In this work, we present two techniques to solve AAPSP. The first utilizes a compact prefix tree in solving AAPSP, while our second technique takes advantage of the well-known pigeonhole principle and the minimal length for an overlap in order to identify potential overlap matches. We compare our work with the work presented by [14]. We first explain our methods in Section 3. Section 4 demonstrates our experiments and discusses our results. We draw our conclusion in Section 5.

3. Methods

3.1. Definitions

3.1.1. Compact Prefix Tree

The words “read” and “sequence” are used interchangeably in this work. A read is a string of characters over an alphabet Σ = {A, C, G, T}. We define a prefix tree P for a group of reads G as a tree in which every read in G is represented by a path from the root to a leaf. Every edge in P is labeled with one of the four characters: A, C, G, or T. Every node v has an interval [r..r] where r..r are the identification numbers of the reads which share the same prefix up to v (assuming that the reads are sorted). Since an edge is labeled by one character and reads in one range [r1..r] may share a substring sub with a length subl > 1, every node has also a value chain_len = subl − 1, which represents the length of a common substring between all reads in the range [r..r]. The benefit of this value is to avoid building unnecessary nodes for substrings which are shared by reads in one range.
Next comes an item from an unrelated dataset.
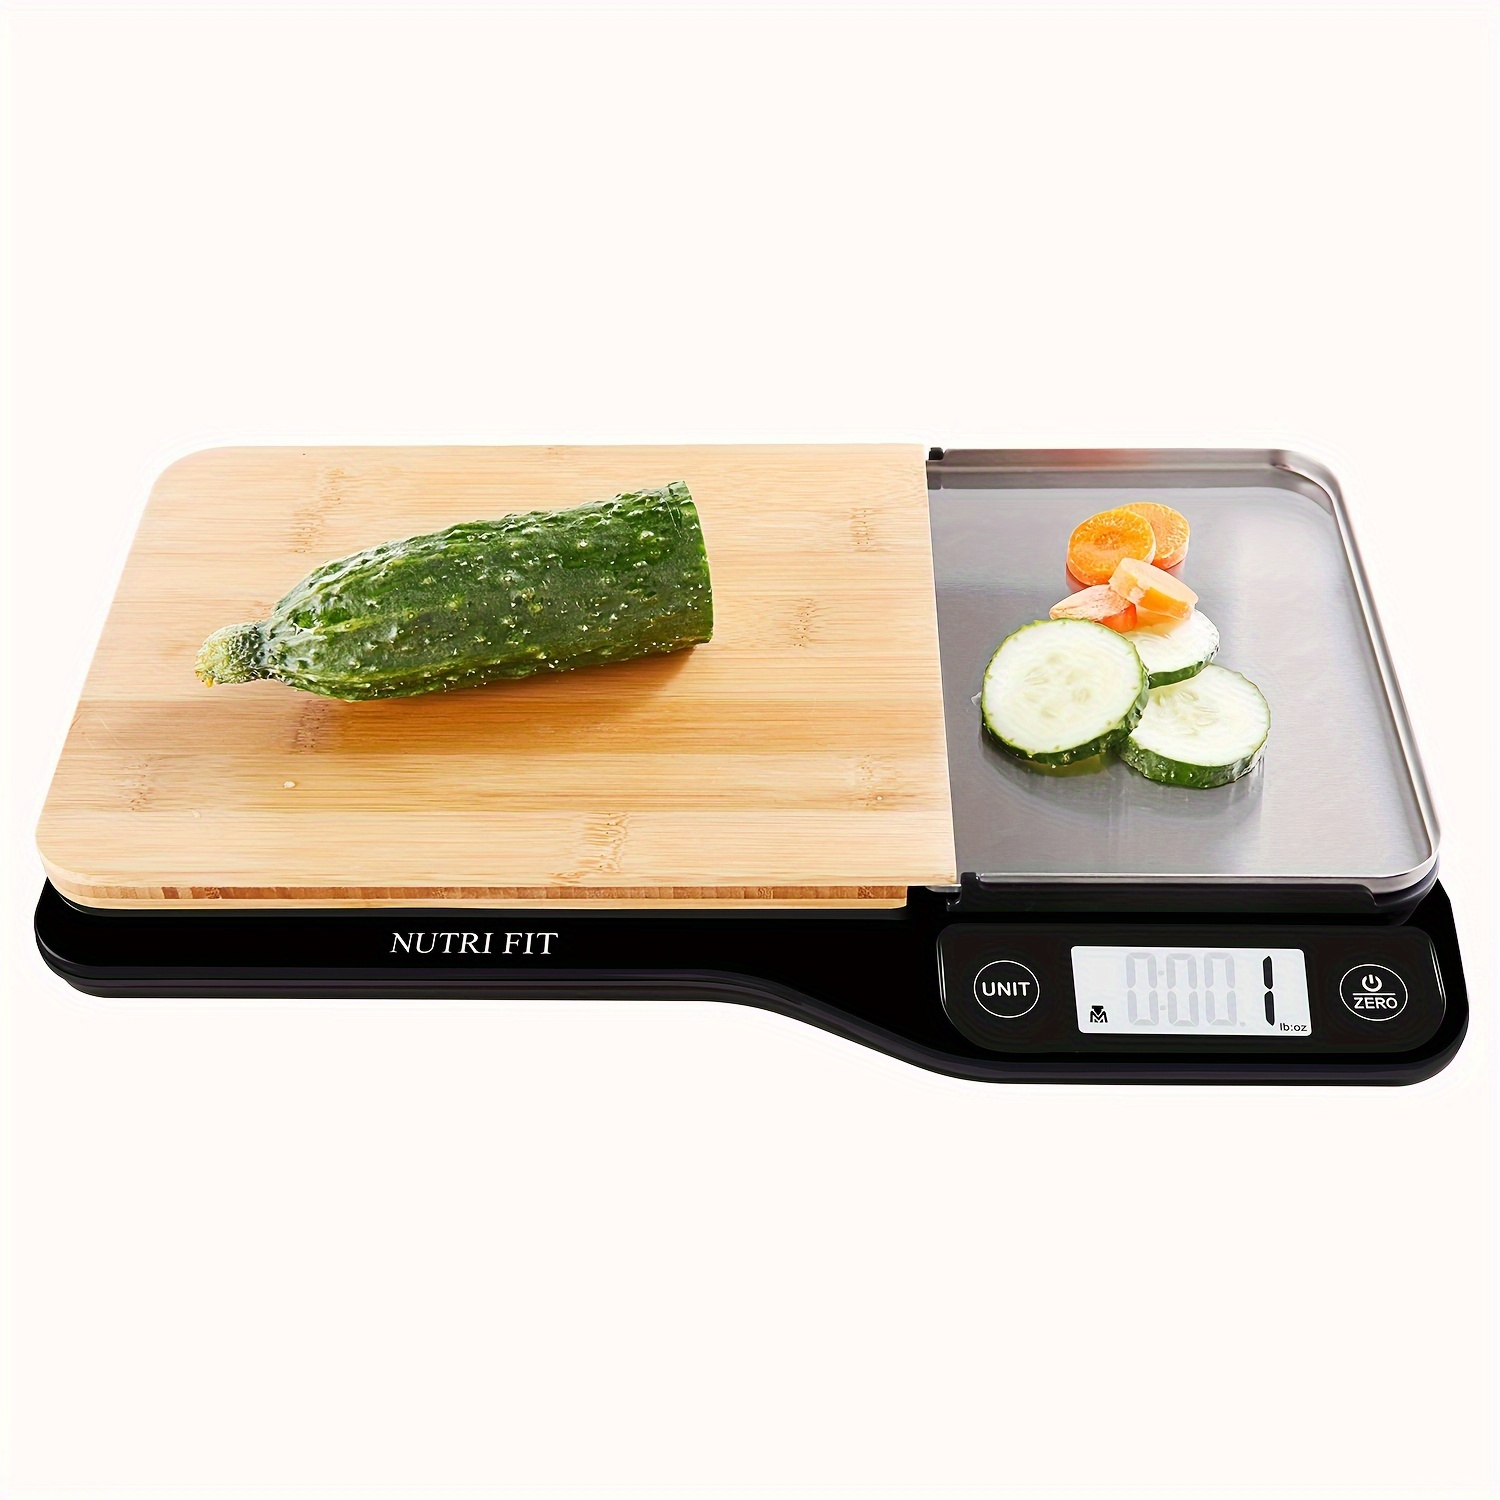 NUTRI FIT Báscula de alimentos – Báscula digital de cocina 3 en 1, pesa  gramos y onzas con tabla de cortar extraíble y bandeja, pantalla LCD, 11

Figure 1 shows an example for a compact prefix tree.

Figure 1

The compact prefix tree for strings S1 = AGGT, S2 = GGTC, S3 = AATG, S4 = GGTA, S5 = TTAC, and S6 = GGGC. The range above each node represents the reads which share the prefix up to this node. The value inside a node indicates the chain_len value of this node. For example, the range [4..5] indicates that the reads 4 and 5 share the prefix GGT. The prefix GGT can be obtained by concatenating all the labels of the edges starting from the root and ending with the node ([4..5]). Note that the second G in GGT is obtained from the text since chain_len = 1. The numbers inside the ranges are the new identifiers of the strings after sorting, not the original identifiers.
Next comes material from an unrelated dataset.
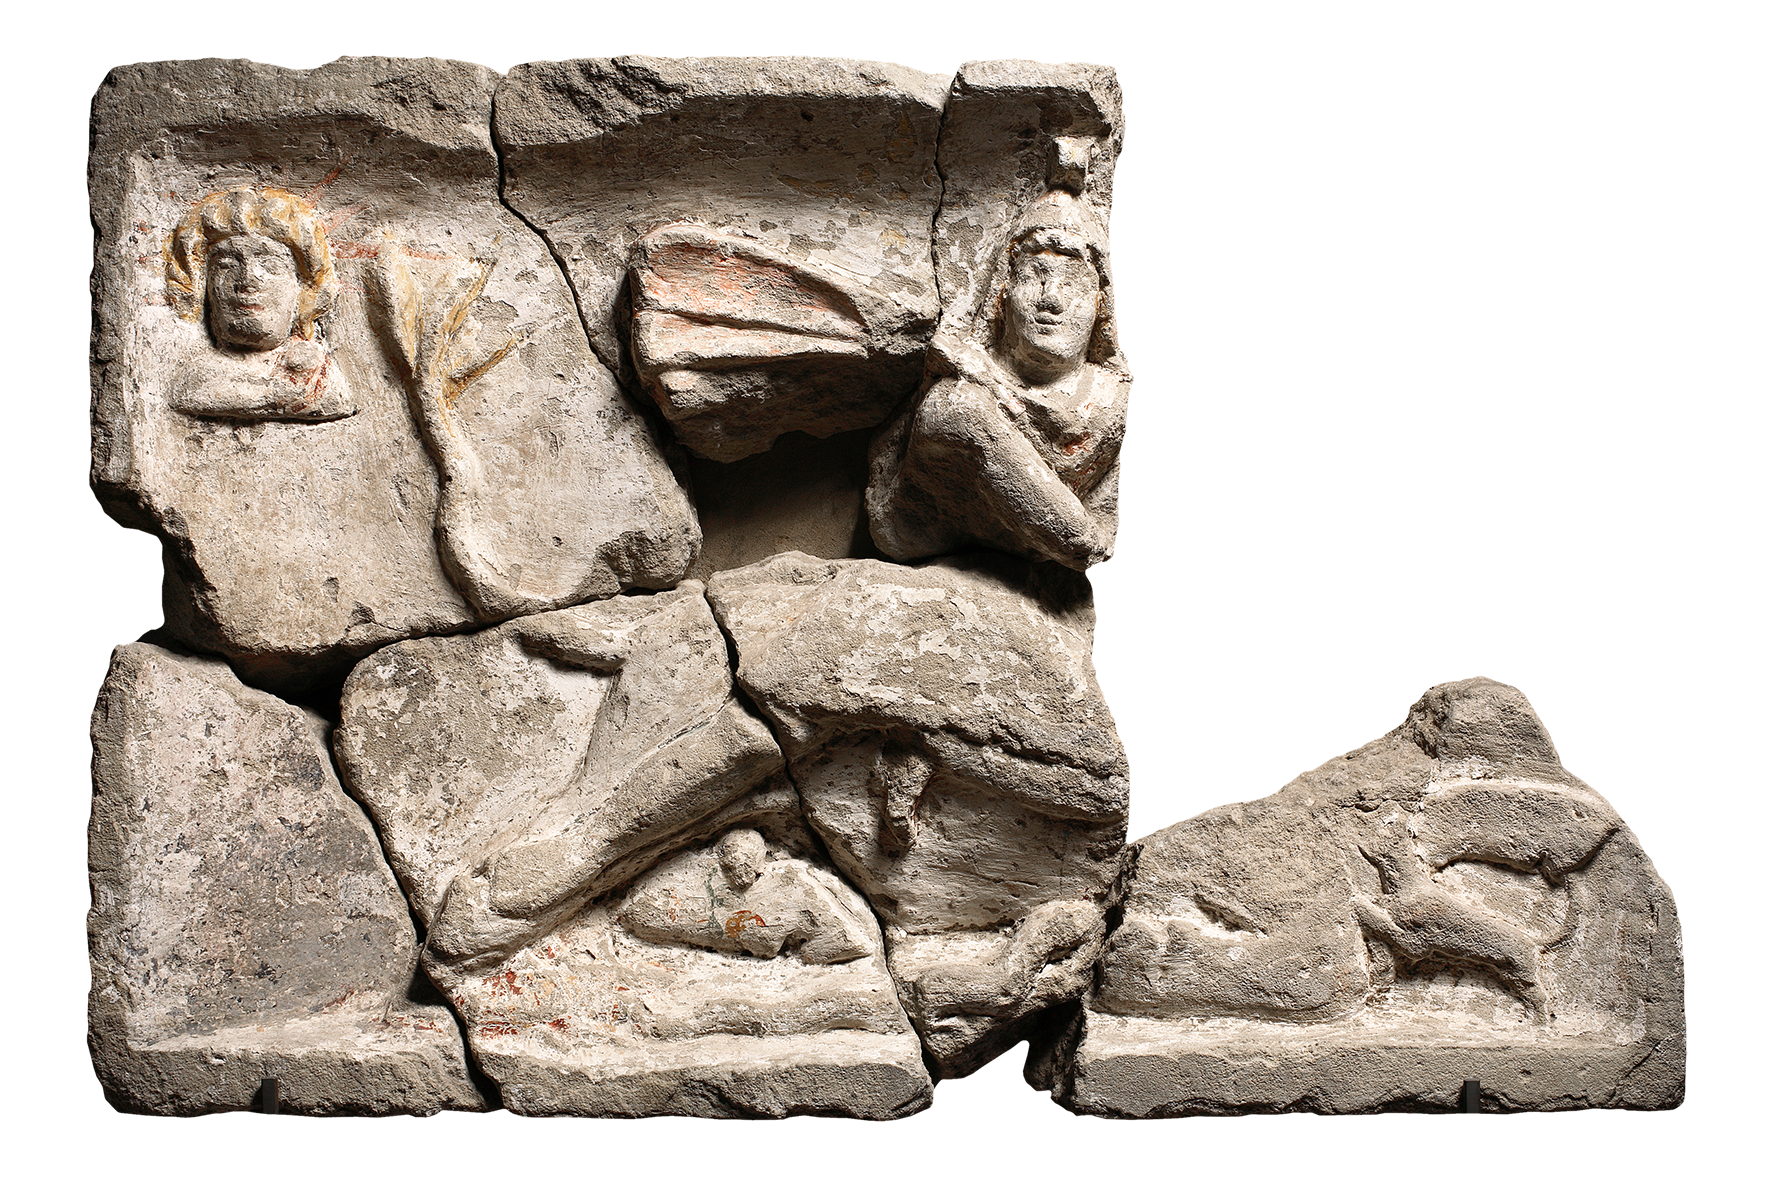 Tauroktonierelief aus dem Bereich des Auxiliarkastells von Carnuntum, Archäologisches Museum Carnuntinum Inv. CAR-S-99 (©AMC/N. Gail)

The compact prefix tree can be built in O(n) time where n is the total length of all reads. The space consumption for building this tree is O(k) where k is the count of the reads. Clearly, the presence of the input reads is required since this data structure is not a self-index data structure.

3.2. Approximate Matching

An approximate matching between two strings can be expressed by the edit distance. The edit distance between strings T1 and T2 is defined as the minimum number of insertions, deletions, and replacements of symbols to transform string T1 into T2 [17]. Hamming distance is another way to describe an approximate match. The hamming distance between strings T1 and T2 is the number of mismatching symbols between strings T1 and T2. A string T1 is considered an approximate match to T2 if the edit distance (or the hamming distance) between the two strings is ≤ z, where z is the number of allowed insertions, deletions, and replacements (or mismatches when hamming distance is used) to transform T1 to T2.
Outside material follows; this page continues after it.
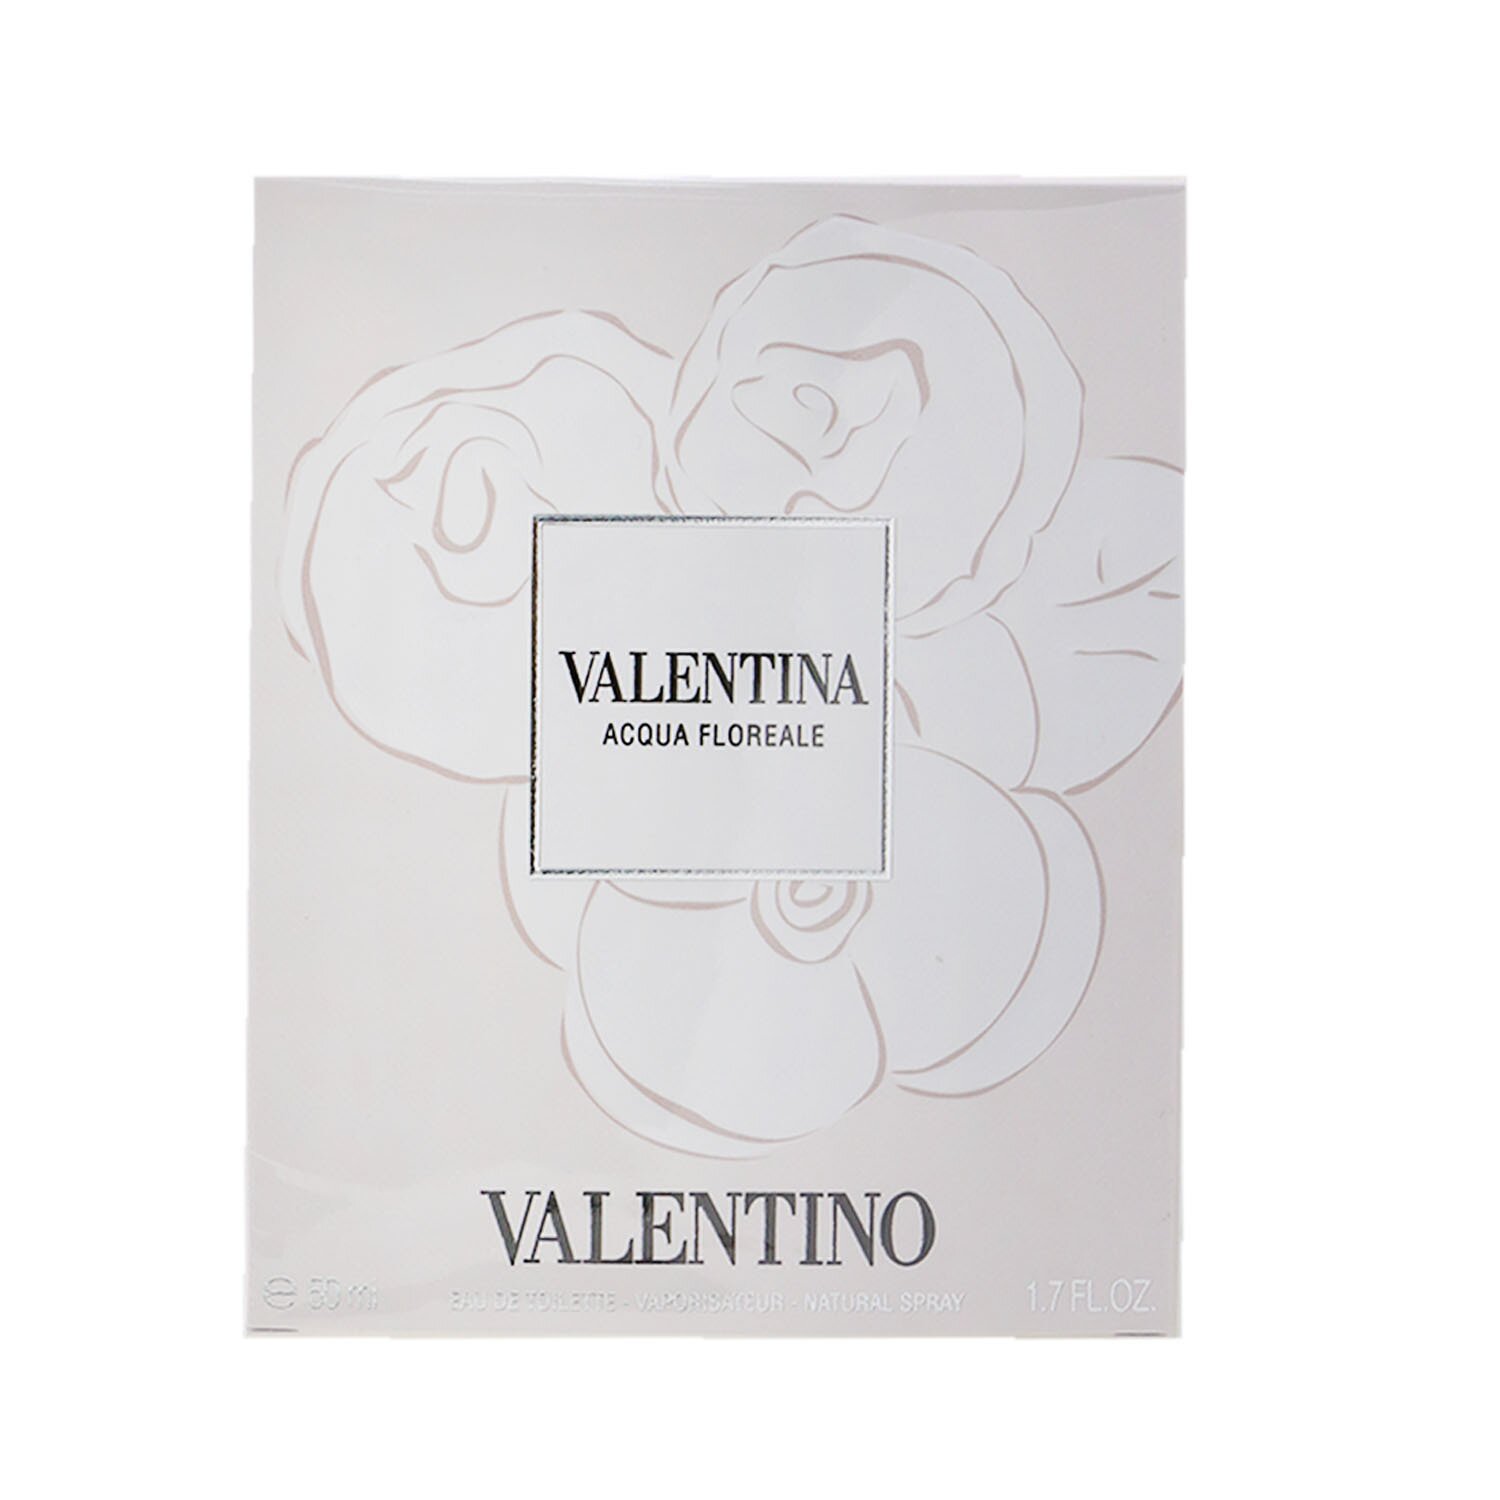 Valentino Valentina Acqua Floreale Eau De Toilette Spray 50ml/1.7oz

3.2.1. Pigeonhole Principle

The basic idea behind the pigeonhole principle is that if there is an approximate matching between two strings S1, S2, then there must be an exact matching between them with a smaller size. The size of the available exact matching between the two strings is determined by the hamming distance (or edit distance) between them. Given that S1 differs from S2 by m characters, if we divide S1 into m + 1 parts, then one of these parts will exactly match a part in S2. The principle can easily be proved by contradiction. The crucial benefit of the pigeonhole principle is the identification of candidates for an approximate matching between the two strings. As a result, extremely fast exact matching algorithms and techniques are used to find these candidates and the time-consuming dynamic programming technique is only used to verify if a candidate is a part of an approximate matching between the two aligned strings. The principle is also known as seed-and-extend. It is the base of many genome analysis algorithms such as Basic Local Alignment Search Tool (BLAST) and many works such as [18] utilized this concept in sequence alignment. In this work, we employ this principle to find overlaps between reads.

3.2.2. AAPSP

It is easy to define APSP because of its exact nature; however, defining AAPSP may not be very clear since the preference may differ between the length of the match and the number of mismatches; that is, a suffix-prefix match with a length of 20 and 7 mismatches may be better than one with a length of 10 and 4 mismatches. Reference [19] demonstrated different interests in approximate matching for a bioinformatician. In this study, we adopt the following interest. For each ordered pair of the input reads, we target the largest suffix-prefix match with a maximum of m allowed mismatches. Nevertheless, we show that our solution can be easily modified to cover most other definitions.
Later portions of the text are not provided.